# Appartamento Serie Nera arrival! 😁👏



## Bigbrownbear (Oct 7, 2020)

Moving on from 7 years with Miss Silvia. 😉

exciting stuff making good coffee ☕


----------



## GengisKhan (May 8, 2017)

Congratulations, look forward to the pictures once you're up and running. Not seen many people with a Serie Nera version either.


----------



## MediumRoastSteam (Jul 7, 2015)

That looks like a very nice box 😉 👍 - Does it fly?


----------



## DavecUK (Aug 6, 2013)

Lovely box...great logo


----------



## Bigbrownbear (Oct 7, 2020)

👏 Here's the new arrival.. or Dragon on accounts of the puff of steam its boiler emits on warming up. The Silvia made coffee but this has a bit of soul too 🐲


----------



## Bigbrownbear (Oct 7, 2020)

The black edition has a bit of a slimming effect on the way the machine looks. No ones kitchen is really big enough for a decent coffee machine so I kinda think it's the Spanx effect on the acres of chrome and stainless steel most machines have had. I really like it. After all you do have to see this every single morning🌝


----------



## Bigbrownbear (Oct 7, 2020)




----------



## GengisKhan (May 8, 2017)

Yeah defo see what you mean, the black sides do make it look a bit slimmer.


----------



## Bigbrownbear (Oct 7, 2020)

GengisKhan said:


> Yeah defo see what you mean, the black sides do make it look a bit slimmer.


 Yep. The black stainless steel sides are powder coated in a very cleanable almost black rubber paint. In our kitchen it's a big beast but at least it's helped by the sides. In the flesh it's really nice. I see there's a move away from conventional stainless steel everywhere towards something more sympathetic and individual. The Rocket R Nine One, Slayer , etc.are very nice.
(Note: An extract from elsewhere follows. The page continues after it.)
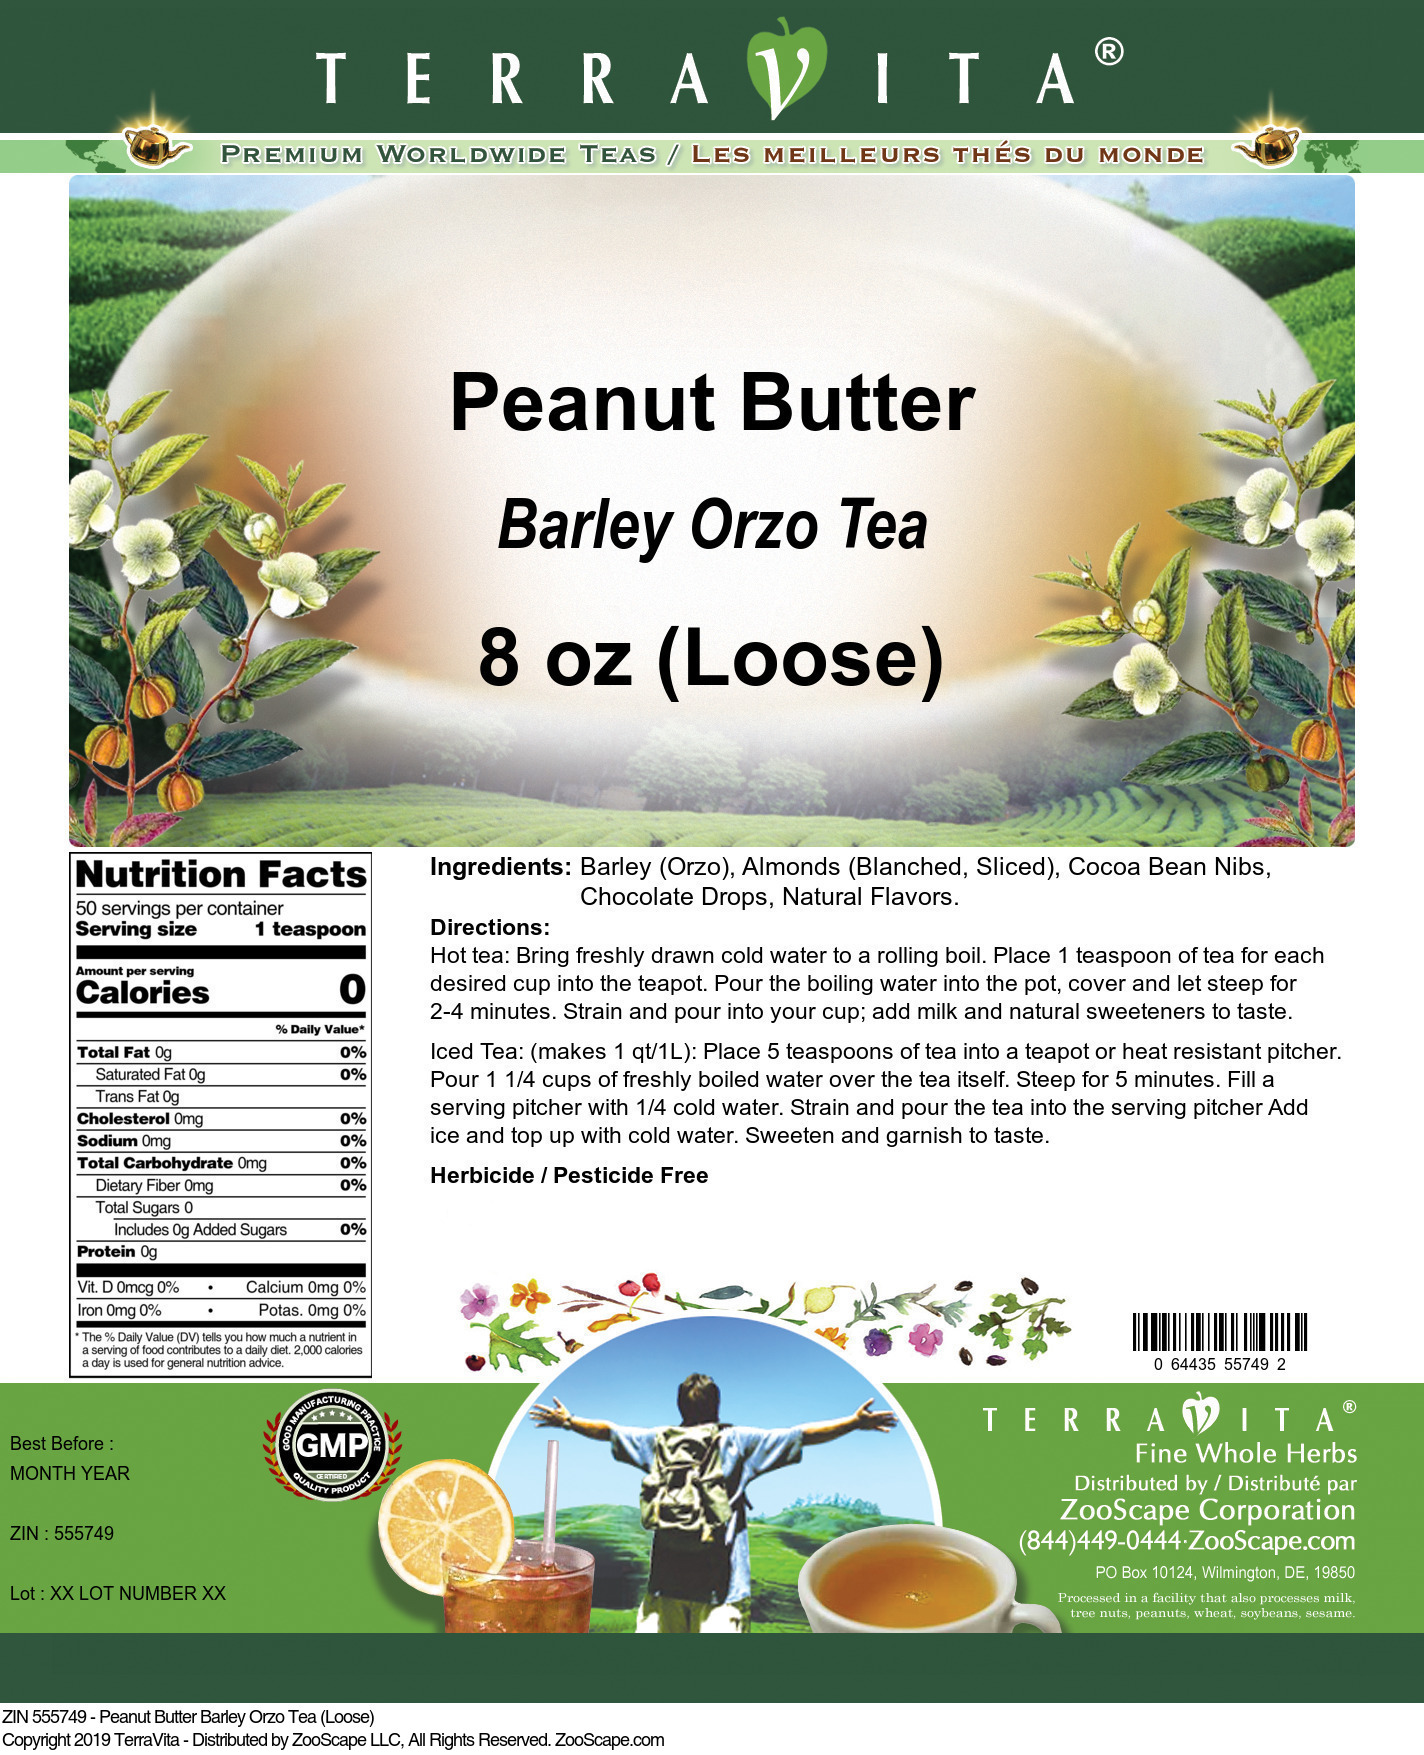 Peanut Butter Barley Orzo Tea (Loose) - Label

on the coffee front , right off the bat the espresso was good. More depth and crema than could be achieved with the Silvia so v happy. Love the pre infusion too. Plenty to enjoy and work at .. which for me is half the fun.


----------



## GengisKhan (May 8, 2017)

Funny enough I did think about powder coating mine as well, after seeing a picture of a black one, but couldn't find anywhere in the UK that might do it. There are more customisation options in other countries that we don't have over here, I'm sure that will change over time as it gets more popular.
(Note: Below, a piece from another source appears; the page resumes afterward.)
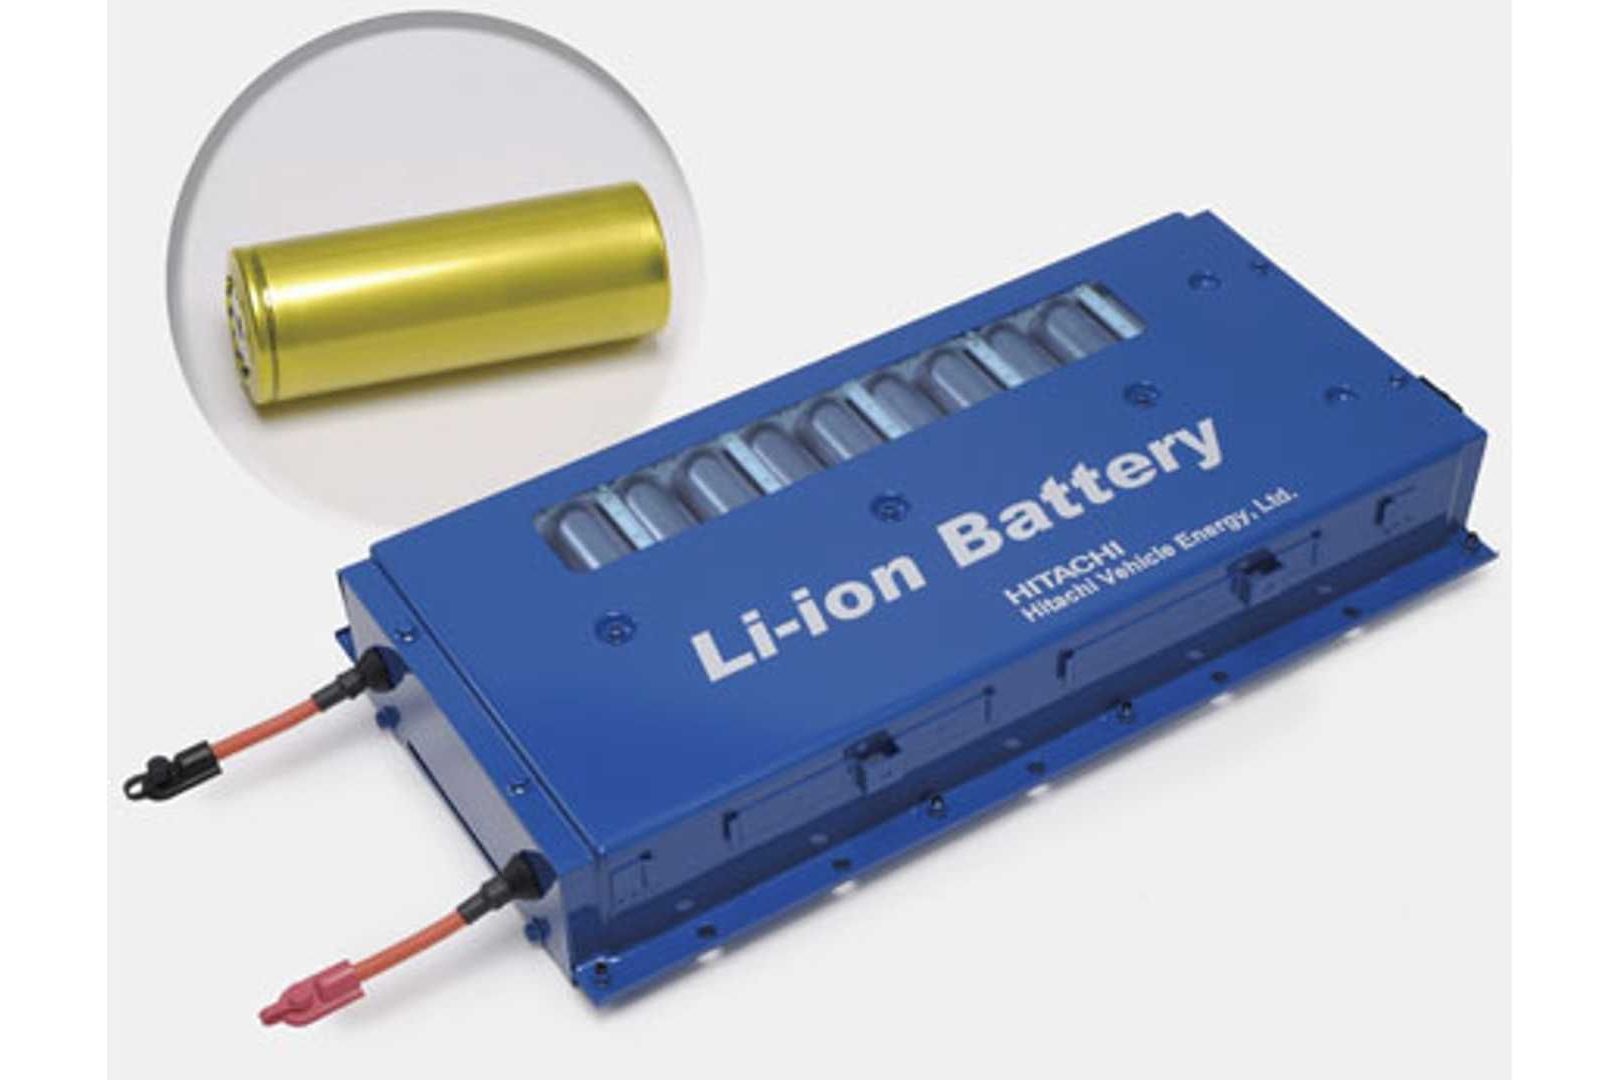 Литий ионный аккумулятор почему литий. Литий-ионные аккумуляторы (li-ion). Батареи аккумуляторные литий-ионные. Литий-ионный аккумулятор 18650. Батарея ионная литий на36в15амперкупить.

There are defo a few quirks though but it makes a good cup of coffee. if you don't have one, a smart plug to turn it on 30mins before you wanna pull a shot is a good idea, saves waiting around for it to heat up.


----------



## Bigbrownbear (Oct 7, 2020)

Yep good idea. Thx. Seen them. May well do that.. seems to be on the mark at 30mins without rinsing portafilter with hot water from kettle while making tea first thing.


----------



## Bigbrownbear (Oct 7, 2020)




----------



## Rincewind (Aug 25, 2020)

Nice looking machine....pics above :- no thermometer....with thermometer....then no thermometer....any reason why you removed it for 3rd pic ? ...did you already have the thermometer before the machine arrived.....FWIW i'd have left it on. Enjoy your new machine 😊

p.s. i assume it's a digi thermometer or is it a digi pressure gauge ?


----------



## Bigbrownbear (Oct 7, 2020)

Yes photos not in order! Pt the gauge on on day 3 and it's been a boon. Especially on pulling second, third... Strange that the group doesn't have temp gauge already given its brilliant design and tested pedigree. We all like a bit more info don't we!


----------



## GengisKhan (May 8, 2017)

Bigbrownbear said:


> Yes photos not in order! Pt the gauge on on day 3 and it's been a boon. Especially on pulling second, third... Strange that the group doesn't have temp gauge already given its brilliant design and tested pedigree. We all like a bit more info don't we!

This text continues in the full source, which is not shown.